Julia Hippisley-Cox et al. BMJ Open. .

Abstract

Objective: To develop and externally validate a risk algorithm (QAdmissions) to estimate the risk of emergency hospital admission for patients aged 18-100 years in primary care.

Design: Prospective open cohort study using routinely collected data from general practice linked to hospital episode data during the 2-year study period 1 January 2010 to 31 December 2011.

Setting: 405 general practices in England contributing to the national QResearch database to develop the algorithm. Two validation cohorts to validate the algorithm (1) 202 different QResearch practices and (2) 343 practices in England contributing to the Clinical Practice Research DataLink (CPRD). All general practices had data linked to hospital episode statistics at the individual patient level.

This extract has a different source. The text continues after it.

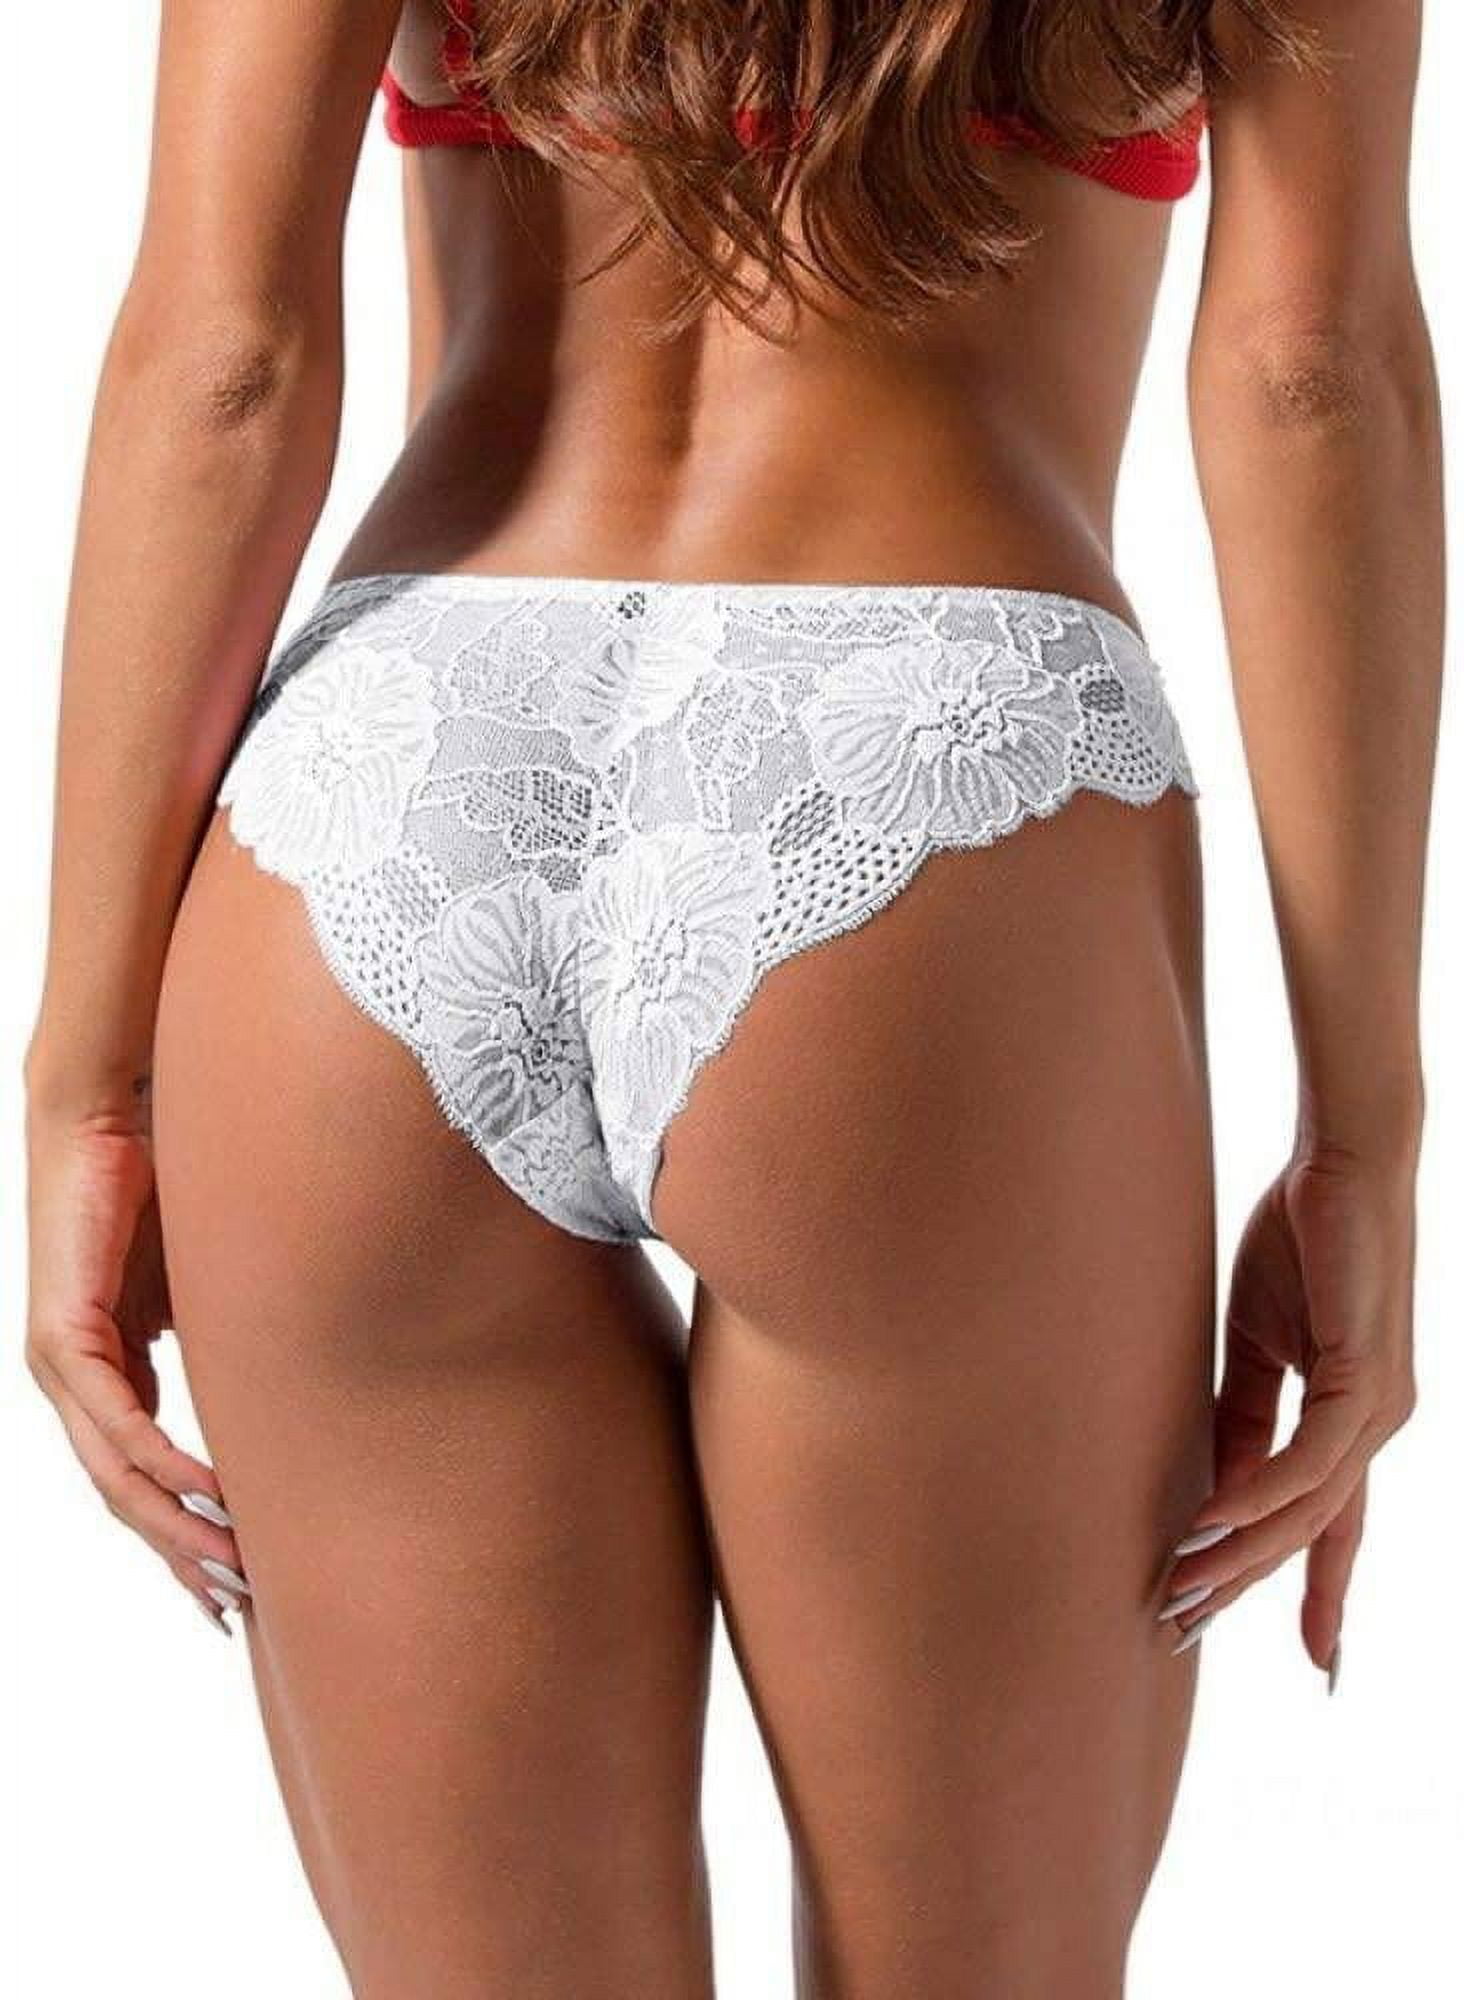 Shop Generic Hot 3pcs/lot Sexy Panties Women's Set Panties Solid

Participants: We studied 2 849 381 patients aged 18-100 years in the derivation cohort with over 4.6 million person-years of follow-up. 265 573 of these patients had one or more emergency admissions during follow-up. For the QResearch validation cohort, we identified 1 340 622 patients aged 18-100 years with over 2.2 million person-years of follow-up. Of these patients, 132 723 had one or more emergency admissions during follow-up. The CPRD cohort included 2 475 360 patients aged 18-100 years with over 3.8 million person-years of follow-up. 234 204 of these patients had one or more emergency admissions during follow-up. We excluded patients without a valid NHS number and a valid Townsend score.

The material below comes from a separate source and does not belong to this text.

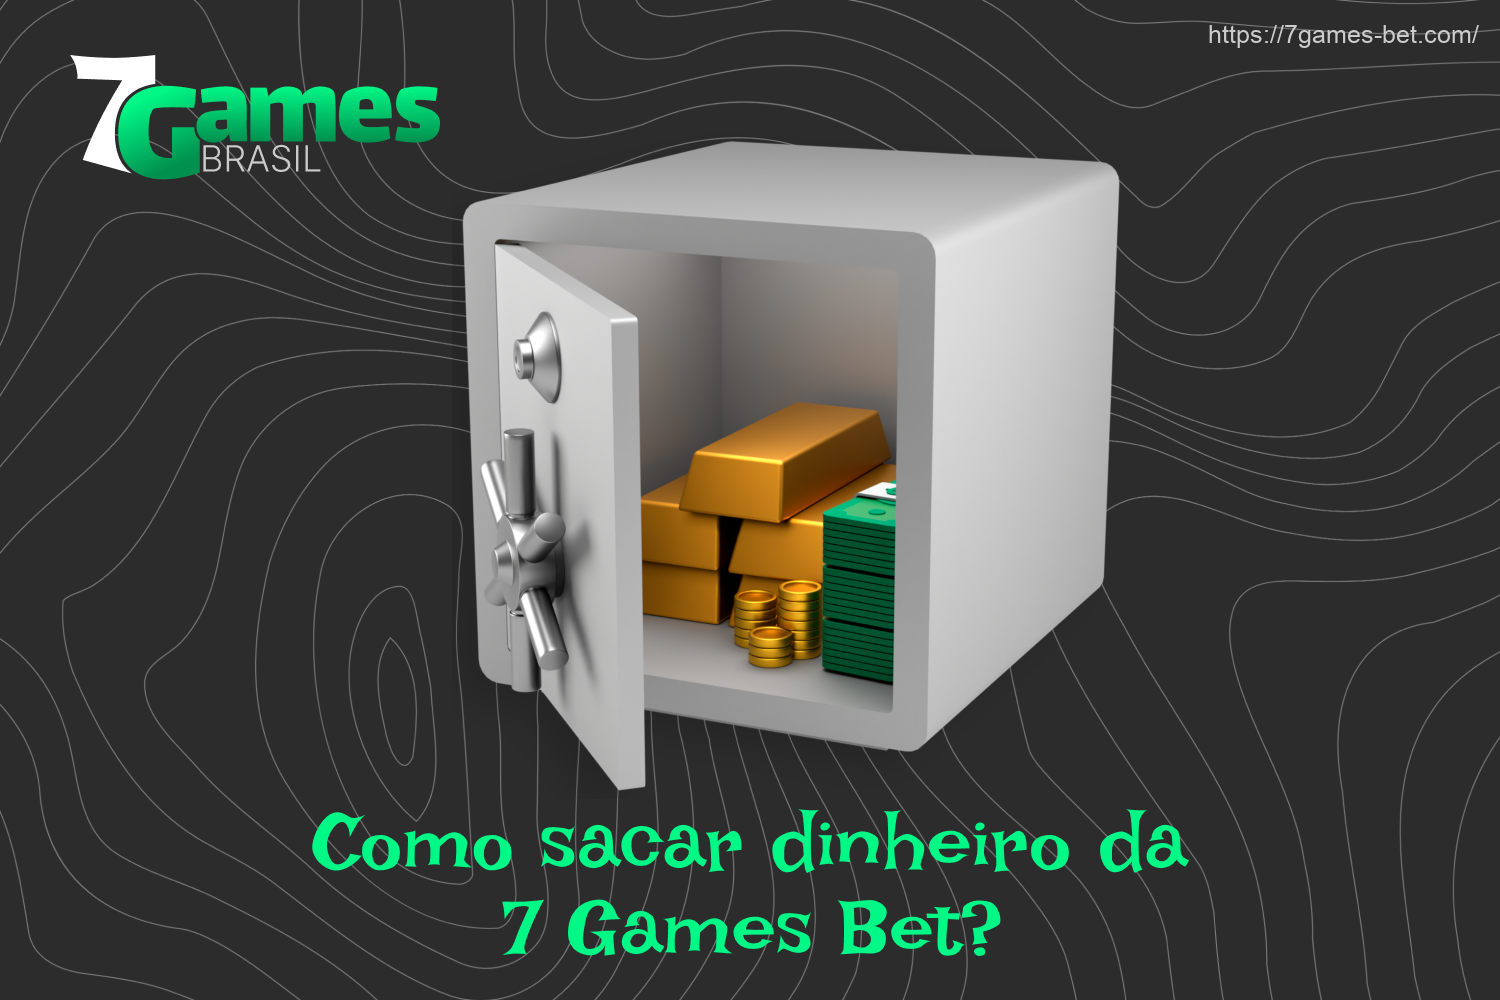 Quando os apostadores brasileiros atingirem o valor necessário para o saque da 7Games, eles poderão retirar seus ganhos

Endpoint: First (ie, incident) emergency admission to hospital in the next 2 years as recorded on the linked hospital episodes records.

Risk factors: Candidate variables recorded on the general practitioner computer system including (1) demographic variables (age, sex, strategic health authority, Townsend deprivation score, ethnicity); (2) lifestyle variables (smoking, alcohol intake); (3) chronic diseases; (4) prescribed medication; (5) clinical values (body mass index, systolic blood pressure); (6) laboratory test results (haemoglobin, platelets, erythrocyte sedimentation rate, ratio of total serum cholesterol to high density lipoprotein cholesterol concentrations, liver function tests). We also included the number of emergency admissions in the preceding year based on information recorded on the linked hospital episodes records.

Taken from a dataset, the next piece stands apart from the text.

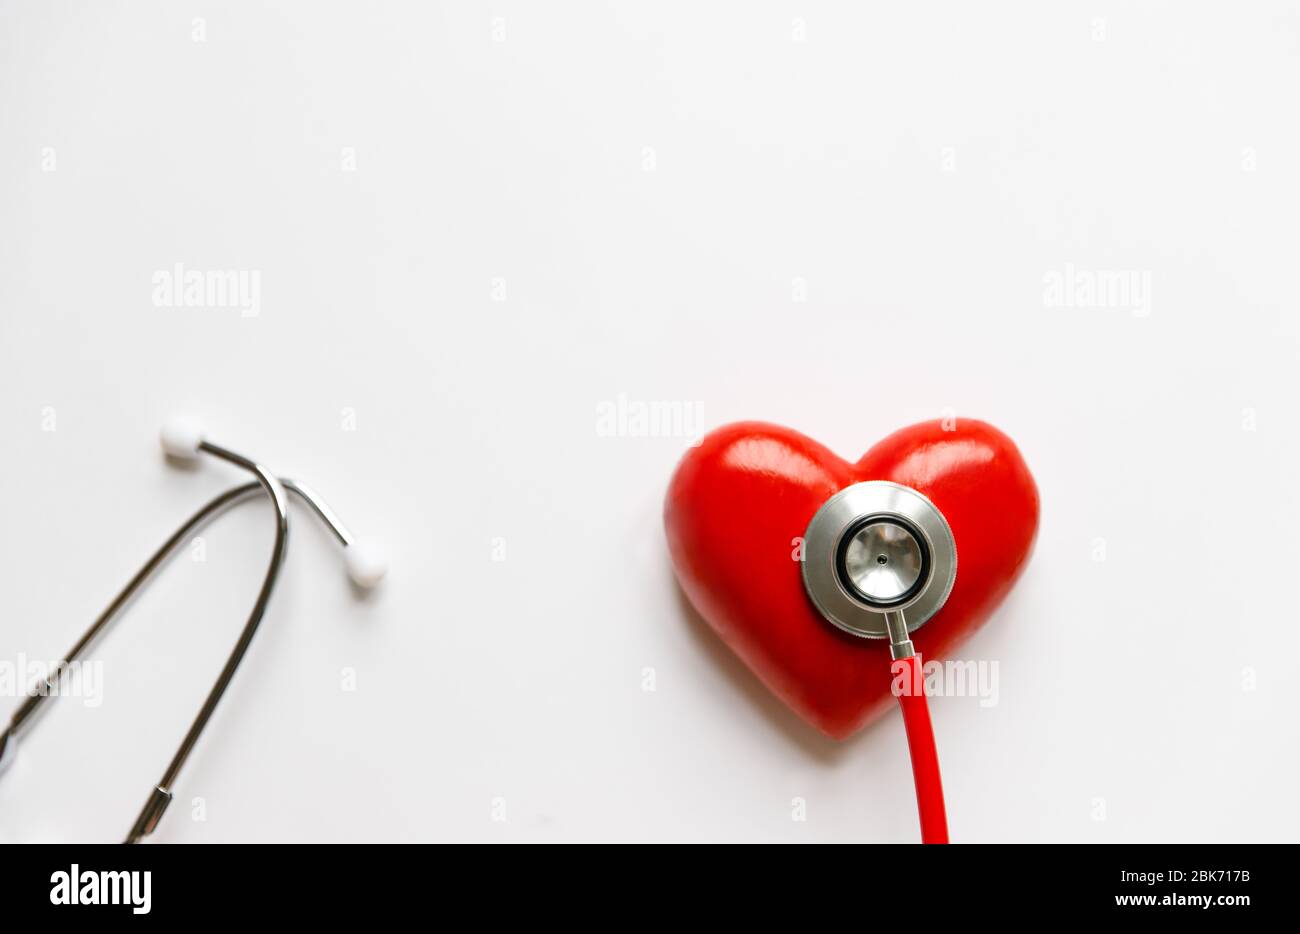 Nahaufnahme des Stethoskops auf dem roten Herzen - medizinisches Diagnosegerät für Auskultation (Hören) der Töne, die vom Herzen kommen, Bronchien. Isoliert auf Whi Stockfoto

Results: The final QAdmissions algorithm incorporated 30 variables. When applied to the QResearch validation cohort, it explained 41% of the variation in women and 43% of that in men. The D statistic for QAdmissions was 1.7 in women and 1.8 in men. The receiver operating curve statistic was 0.78 for men and 0.77 for women. QAdmissions had good performance on all measures of discrimination and calibration. The positive predictive value for emergency admissions for the top tenth of patients at highest risk was 42% and the sensitivity was 39%. The results for the CPRD validation cohort were similar.

Conclusions: The QAdmissions model provided a valid measure of absolute risk of emergency admission to hospital in the general population as shown by its performance in a separate validation cohort. Further research is needed to evaluate the cost-effectiveness of using these algorithms in primary care.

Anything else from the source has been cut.